Príncipes del ajuste educados en grandes universidades, socialdemócratas que degenerando aún más llegaron a banqueros, analistas-salmón, entre mármoles, nos dicen como San Juan de la Cruz, que hay que perder el gusto por el apetito de las cosas. Predican que esto sólo se endereza si trabajamos más por menos viruta y por más tiempo.

El gobernador del Banco de España exige, con urgencia, reforma laboral y prolongar la edad de jubilación. Para convencernos utiliza una metáfora vulgar, manida. El sistema, dice, es un barco frágil, que navega a un ritmo muy lento, y si no se hace algo, acabará naufragando. Cada vez que llega una tormenta aparecen vías de agua y la culpa no la tiene el patrón del barco, pero sí está en su mano colmatarlas.

El lugar común del barco, analogía tan sobada como La Tomata, vale para todos los sofismas, incluso el que reza que bien se pilota con timón de oro.

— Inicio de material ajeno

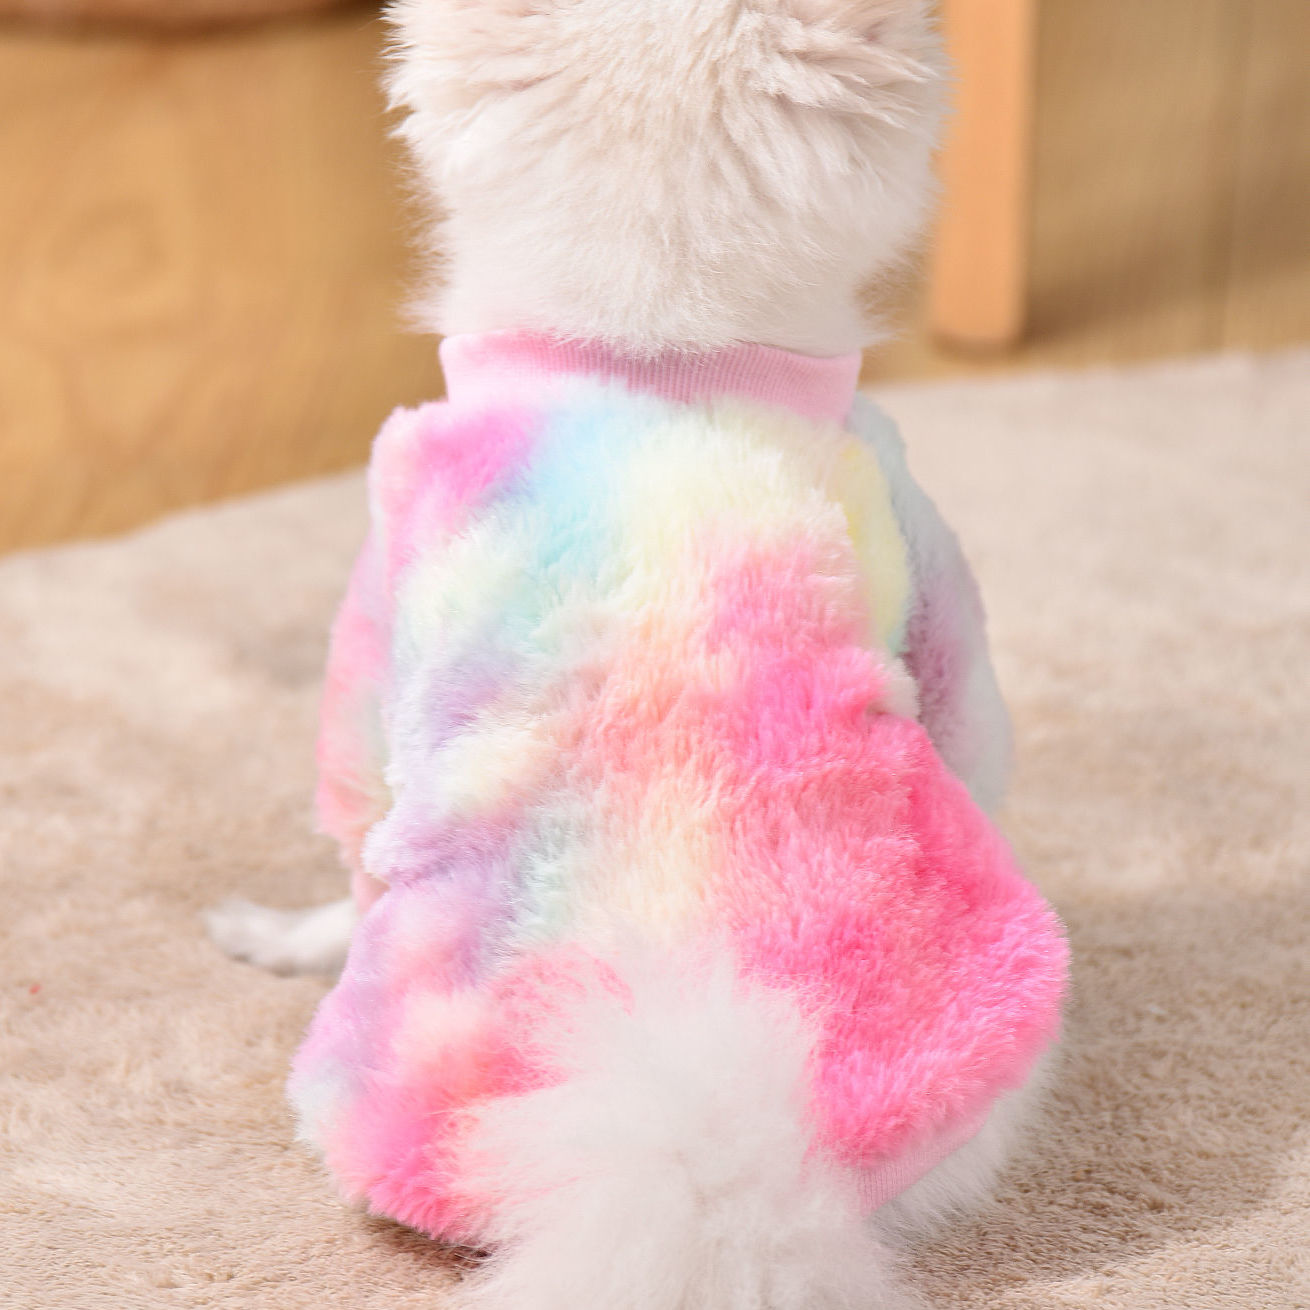 Keep Your Small Dog Cozy and Stylish with This Fleece Sweater Pet Outfit!
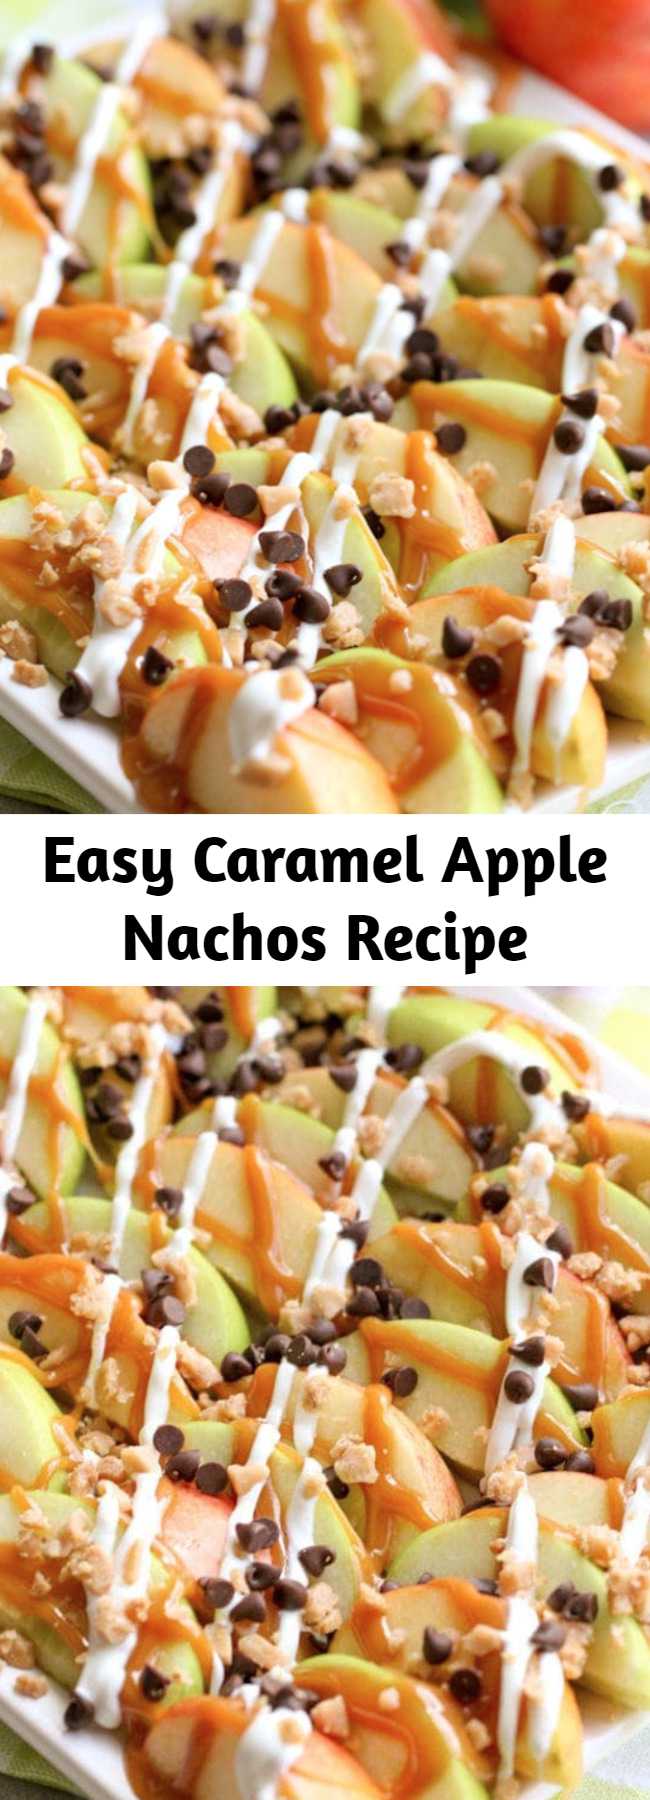 Easy Caramel Apple Nachos Recipe - These Caramel Apple Nachos are an easy treat perfect for movie nights and get togethers. Sliced apples drizzled in caramel and white chocolate, and topped with chocolate chips and toffee bits - it tastes just like a caramel apple, but simpler to make!

El barco del Estado, a veces, ha sido asaltado por los piratas y siguió navegando. Tal vez por ese recuerdo, los líderes sindicales se dejaron llevar por otros tópicos, también sobados y nefastos, y se pusieron a la cabeza de la Gran Vía fría; anhelan una transferencia de recursos, pero no de los currantes a la nave, sino de los patrones y de los armadores al crucero.

Gritan que no hay que dejarse acunar por los cantos de las sirenas de los banqueros, ni hay que creerse los sermones de los que arreglan el Arca de Noé en pleno diluvio, porque los conservadores olvidan que la luz de popa sólo ilumina lo que queda a la espalda. Una pulcra manada de evangelizadores, engañosamente apolíticos, crecidos en la playa del fin de la Historia, no ven otra salida que la vía purgativa.

De pronto, salieron los viejos corsarios. No muchos, sí machos; no hilanderos del algodón de Nottingham con amapolas de banderas, sino espectros del cementerio de las utopías inútiles. Tenían razón los rojos, los sindicalistas no son sino un apéndice más del Estado, por eso los trostkistas gritan que el capitalismo es un cadáver sin cabeza y si esto no desemboca en una salida radical, se debe a la crisis de la dirección revolucionaria.

Ni Cándido ni Toxo pertenecen a la fracción trostkista. Contestan, no como Cobra, sino con buenos modales, que han sido los bancos los que nos han llevado al naufragio (perdonen el tópico). Ponían en las pancartas cosas tan arcaicas como que «la crisis la paguen los capitalistas» o que «lo que hay que reformar es el sistema financiero».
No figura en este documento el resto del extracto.